## RECORDED INFORMATION

---------------

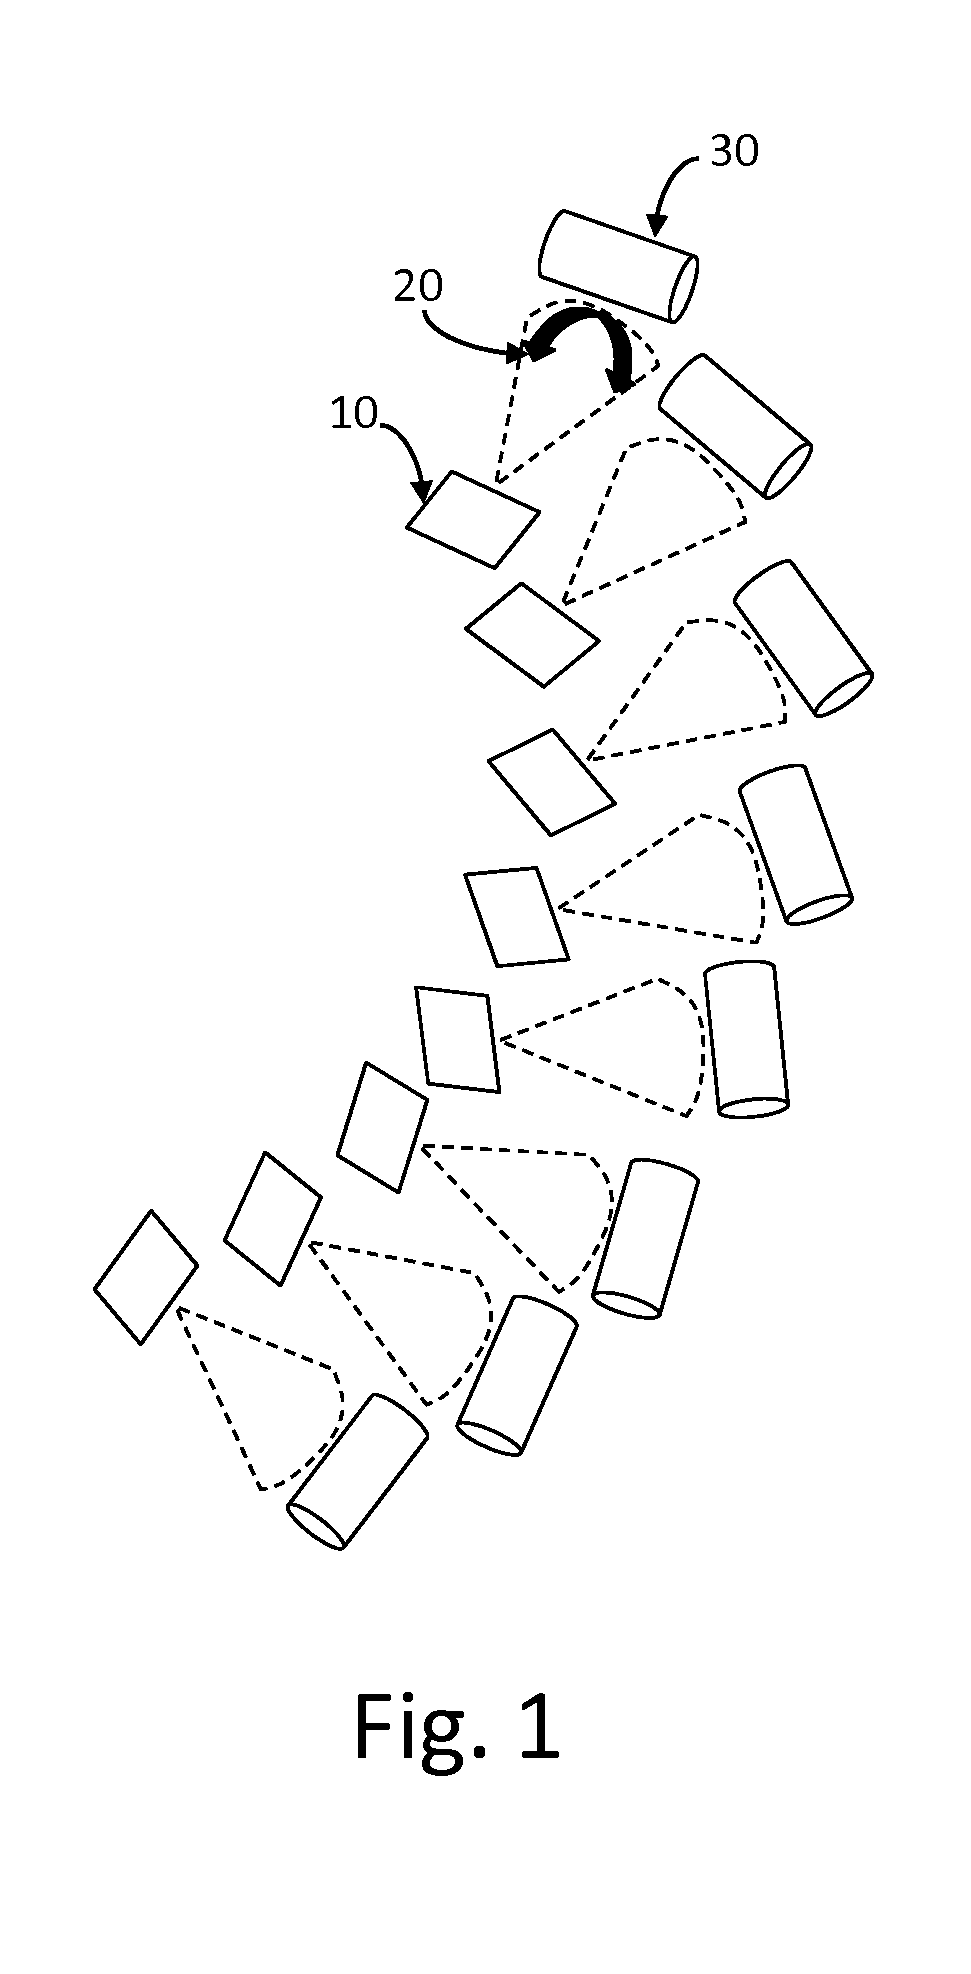 Three-dimensional-mapping two-dimensional-scanning lidar based on one-dimensional-steering optical phased arrays and method of using same
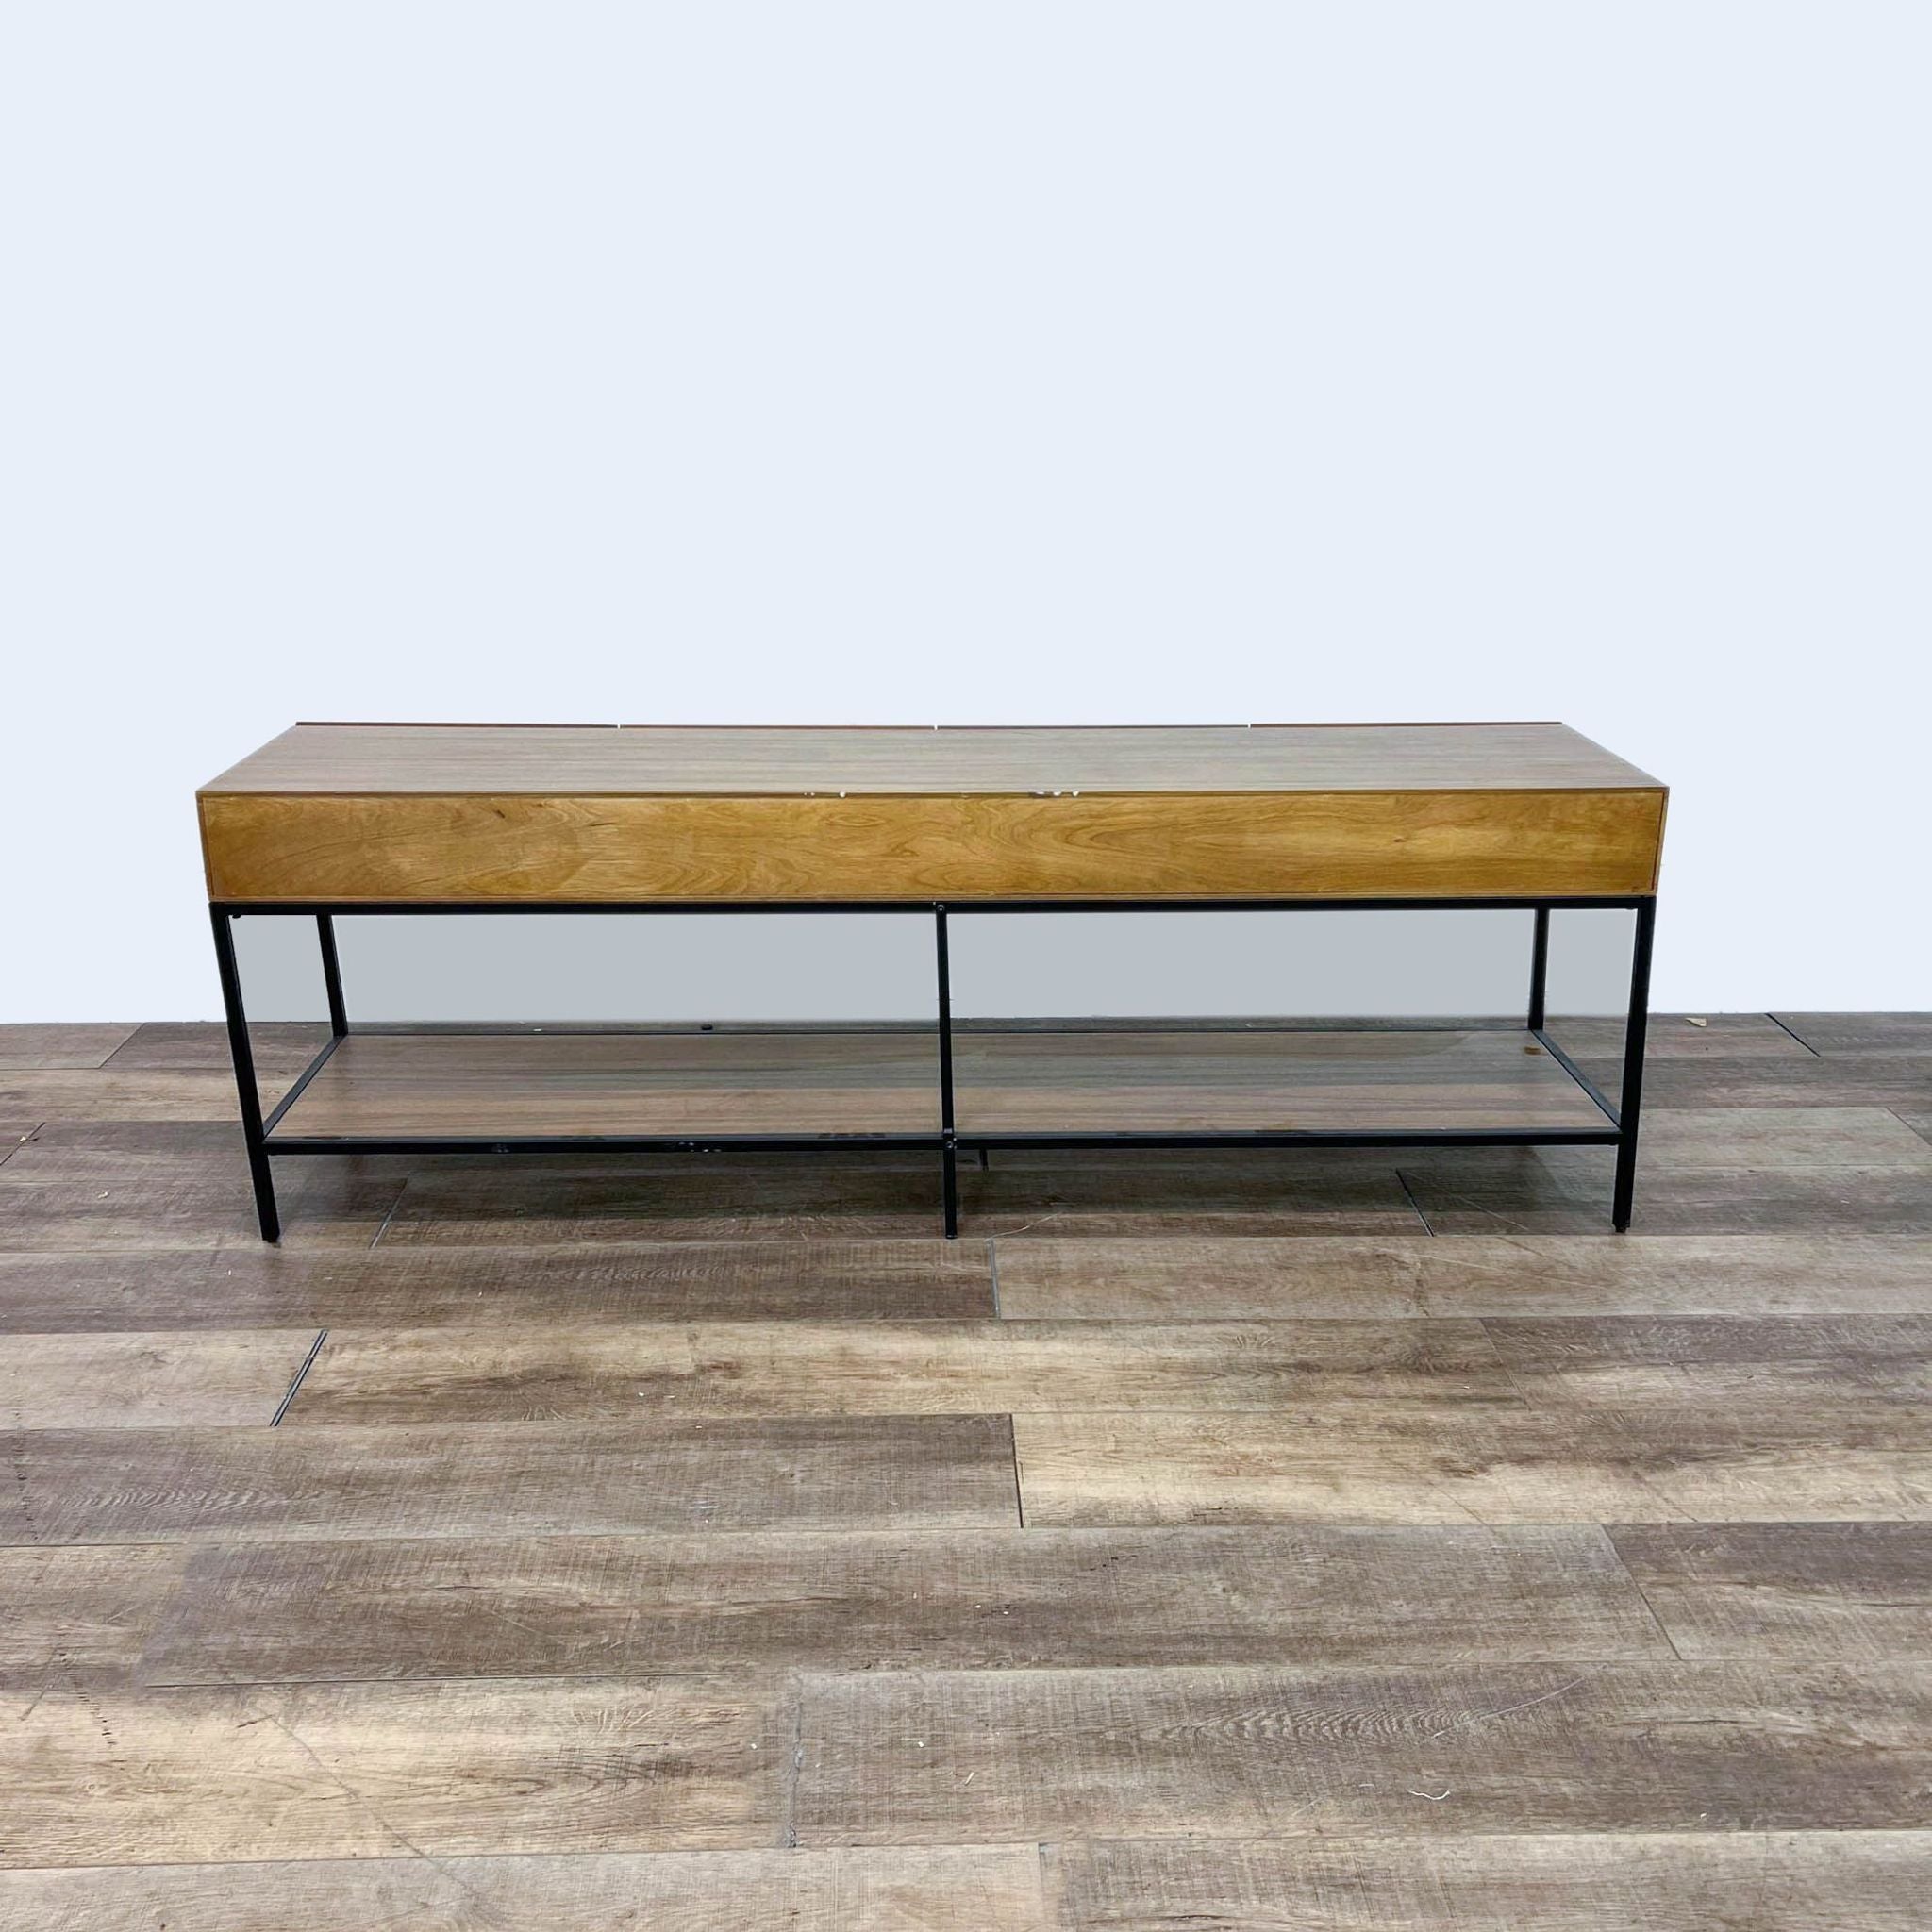 ROC brand sideboard with a metal base and light wood finish, featuring two drawers and a lower shelf, positioned on a wooden floor.
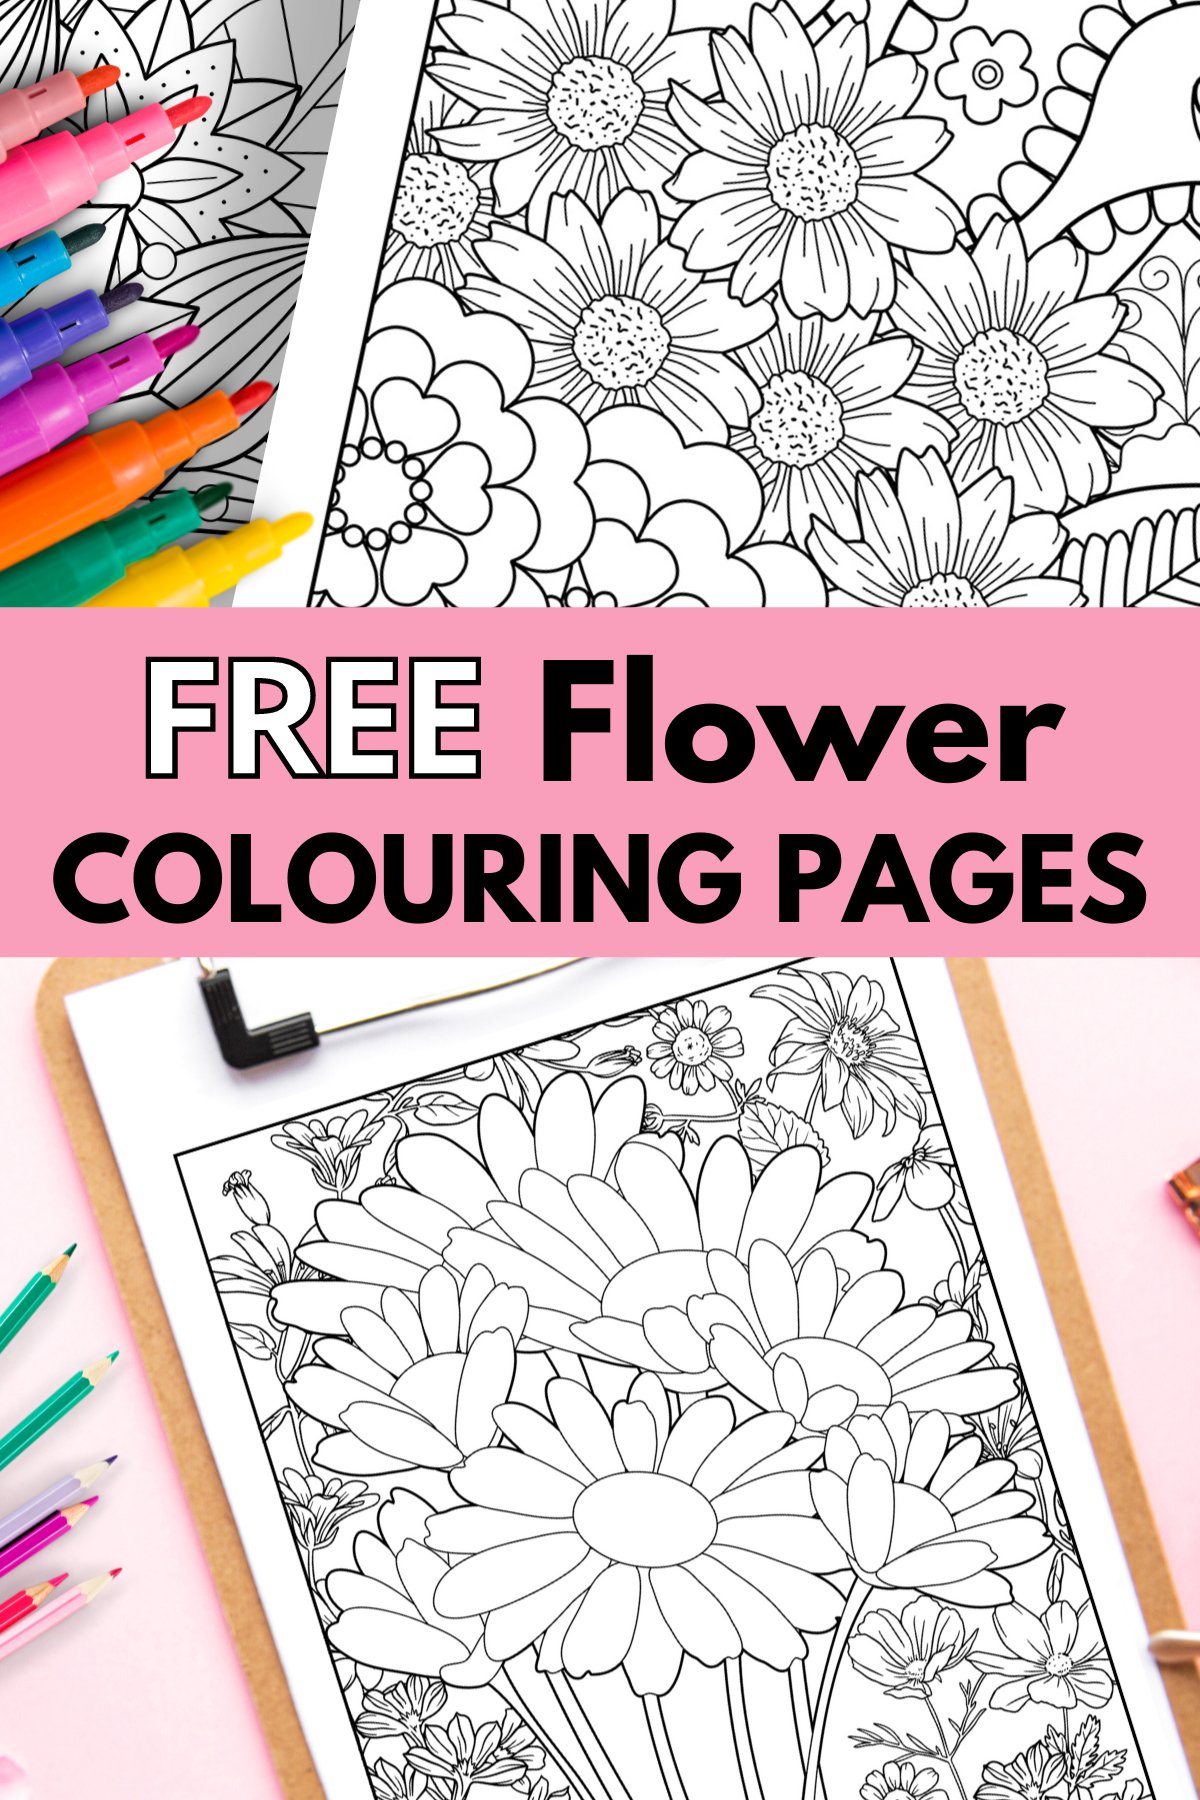 Free flower colouring pages â gathering beauty

---------------

## WORK REQUIRED
Leaving out the pictures, output the listing above exactly as given.

## RESULT FOR THIS TASK
 Three-dimensional-mapping two-dimensional-scanning lidar based on one-dimensional-steering optical phased arrays and method of using same
 ROC brand sideboard with a metal base and light wood finish, featuring two drawers and a lower shelf, positioned on a wooden floor.
 Free flower colouring pages â gathering beauty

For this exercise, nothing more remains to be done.